Returns a result character for building the string.
- Signature:
- return_char(unicode_str)
with
- unicode_str:
- This expeted string has to be in unicode format, e.g. latin.small.letter.a will return the character a The returned character should be used for creating the result string.
Splits the amount of grouped characters which has been detected in a textline to single words.
- Signature:
- chars_make_words(lines_glyphs,threshold=None)
with
- lines_glyphs:
- lines_glyphs has to be the list of connected-components which represents the amount of characters for a textline.
- threshold:
- For splitting the amount of characters to single words is a threshold needed. If two characters have more or equal empty space between each other there is a white space detected. The default value for this parameter is None which will make the function calculate a threshold value automatic
The Textline Objects keep a word list as an attribute which expects a list like this functions return value.
Gives a full text string as result.
- Signature:
- textline_to_string(line, heuristic_rules="roman")
with
- line:
- The Textline Object which keeps the characters.
- heuristic_rules:
- Some classified characters need some further heuristic classification rules. Take the apostroph as an example which might get classified as a comma but is placed at the top of a textline. Therefore the apostroph can be classified "manual" as a comma. On default this function includes some rules for often noticed classification errors for _roman_ alphabet.
The result of this function can be used as a final result as this is the full text string.
Check two glyphs for beeing grouped to one single character. This function is for unit connected-components like quotation marks.
- Signature:
- check_upper_neighbors(item,glyph,line)
with
- item:
- Some connected-component.
- glyph:
- Some connected-component.
- line:
- The Textline Object which includes item and glyph
There is returned an array with two elements. The first element keeps a list of characters (images that has been united to a single image) and the second image is a list of characters which has to be removed as these have been united to a single character.
Check two glyphs for beeing grouped to one single character. This function is for unit connected-components like i, j or colon.
- Signature:
- check_glyph_accent(item,glyph)
with
- item:
- Some connected-component.
- glyph:
- Some connected-component.
There is returned an array with two elements.

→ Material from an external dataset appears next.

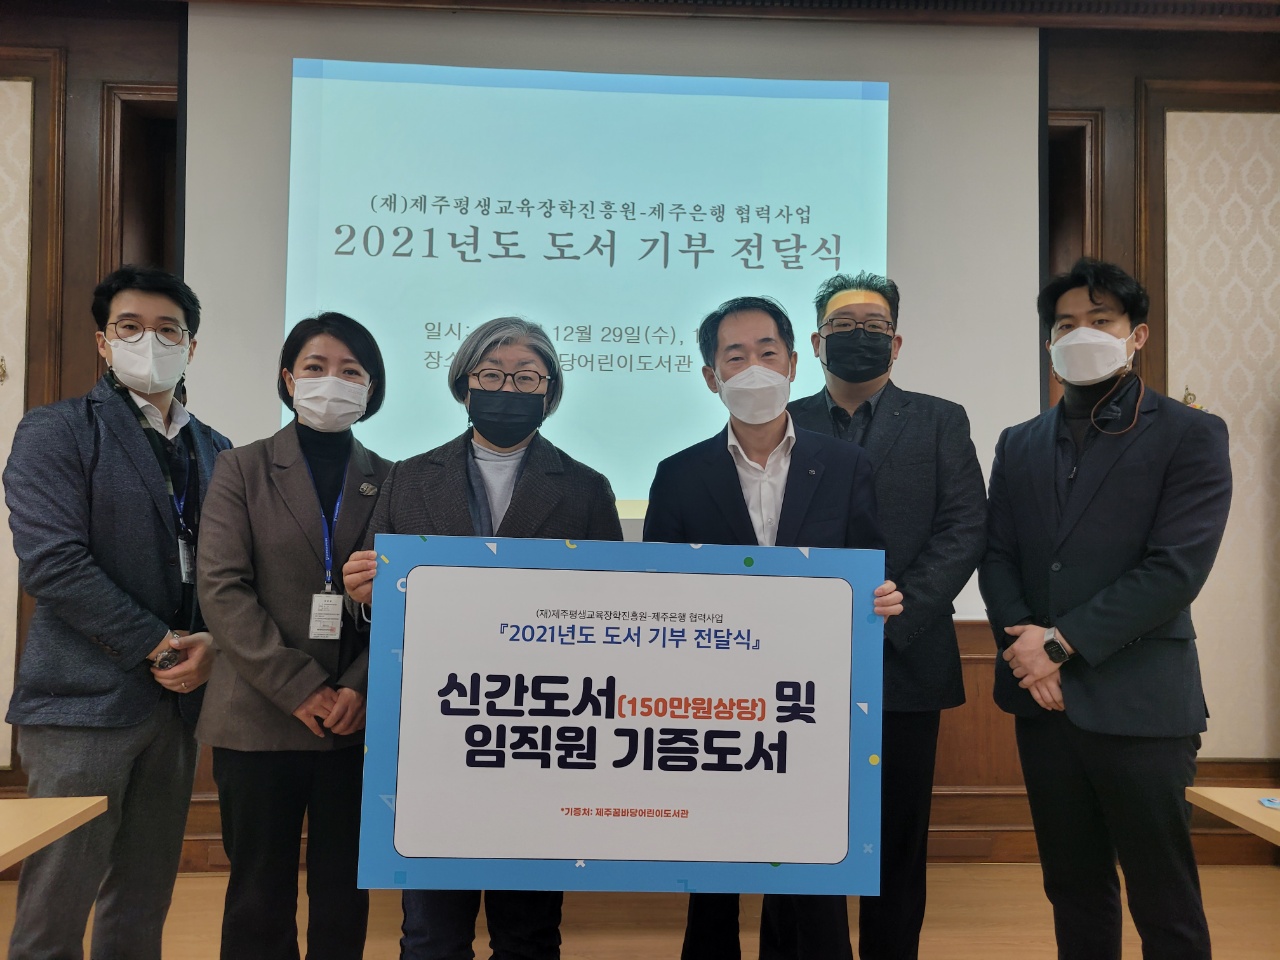 [진흥원-제주은행 협력사업] 2021년도 도서 기부 전달식 개최(2021. 12. 29.) #2

The first element keeps a list of characters (images that has been united to a single image) and the second image is a list of characters which has to be removed as these have been united to a single character.
Segmentates the glyphs which are included in every single textline with simple rules.
- Signature:
- get_line_glyphs(image,textlines)
with
- image:
- The textdocument image which is beeing segmentated.
- textlines:
- A list of connected-components which keeps every textline of the document.
A Page Object has a list named textlines which should include Textline Objects. This list is filled within this function as it is called in a Page method.
Draws hollow rects in an copy of image based on the rects in the glyphs list. If the save parameter is set to 1 a file with the name of filename will be created.
- Signature:
- show_bboxes(image,glyphs,filename=\"segmenated_glyphs.PNG\",save=1)
with:
- image:
- An image of the textdokument which has to be segmentated.
- glyphs:
- A list of rects which will be drawn on image as hallow rects.
- filename:
- A filename for the image file that might be created.
- save:
- On default save is set to 1 which will cause the function to create a new image file named filename. If save is set to 0 the function will try to display the image on-the-fly in a box.
This function is usefull for debugging or for getting information about the segmentation process. The Page object useses this function in three methods for displaying the segmentation of textlines, all single characters and all detected words.